Results: Consultancy

The consultancy was held at the UNC Gillings School of Global Public Health on June 9-10, 2015 with a planning call held on June 3. The 20 attendees included seven epidemiologists and managers from NCDPH and CCHI, three epidemiologists representing other health departments and CDC, seven analytic solution developers, and staff from ISDS and DTRA. The planning call familiarized participants with the use case, solution constraints, and the consultancy goals. Day 1 of the consultancy was devoted to the scope and details of surveillance activities at NCDPH; the functionality of the NC DETECT Web application; the use case problem of interest; the formation, composition, and exploratory analysis of the benchmark dataset; and candidate solution ideas. With this background established, Day 2 was an in-depth discussion to refine solution requirements and to propose evaluation methods. The final day also included a discussion of how to disseminate the use case problem and benchmark dataset to legitimate interested developers who would sign the NCDPH data use agreement. Tactics discussed included publicizing at conferences and on professional society forums, and staging focused workshops. The provision of adequate financial incentives for every prospective developer is not feasible, and the purpose of use case development was not to identify a single winner.

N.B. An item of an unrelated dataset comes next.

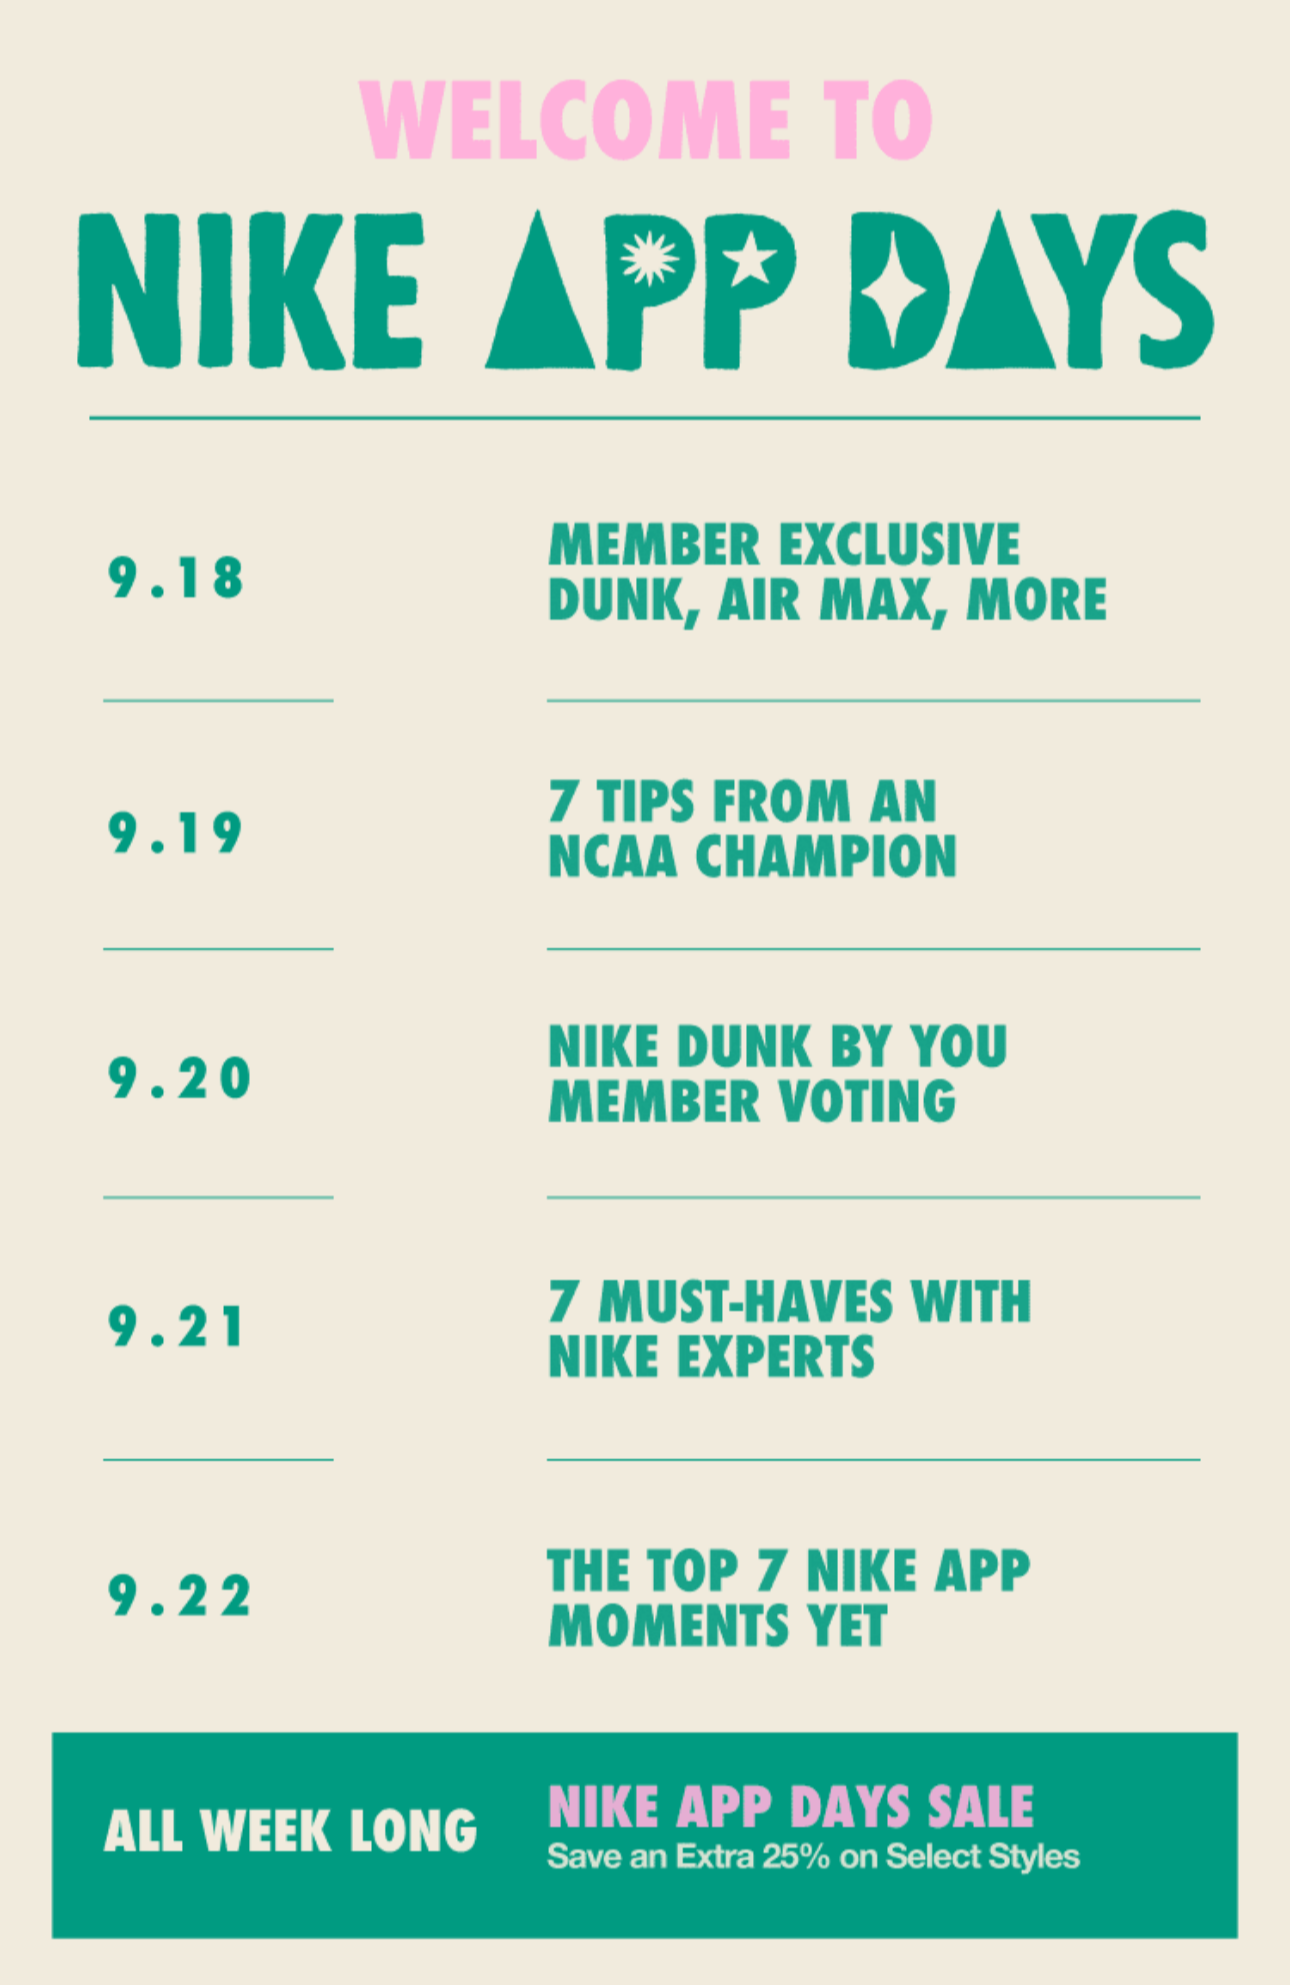 Nike App Days Schedule

However, given the number of annual publications on biosurveillance without such incentives and without authentic datasets, expectations of a number of solvers motivated to addresses a known public health use case with data seem reasonable. See Appendix B for the consultancy agenda.

A post-consultancy survey and related discussions yielded the following lessons learned:

  1. Preparatory calls should focus on details of the consultancy purpose and use case to ensure that participants come prepared and to allot more time for cross-disciplinary dialogue. Multiple respondents suggested a second, more structured preparatory call.

  2. The structure of the consultancy was considered effective. Of ten responses to the post-event survey, all selected “Agree” or “Strongly Agree” to the statement, “The consultancy resulted in better definition of the use case.” Nine of ten responded similarly to: “The consultancy resulted in better understanding of what is needed for a case solution”, with one “Neutral” response.

  3. Sufficient time should be allotted during the in-person meeting to strategize the dissemination of the use case and incentivizing solutions. Issues such as case definition and constraints therefore require substantial discussion before a consultancy. To the statement, “The consultancy ended with a clear plan to move forward on the case”, seven respondents chose “Neutral”, and three chose “Agree”.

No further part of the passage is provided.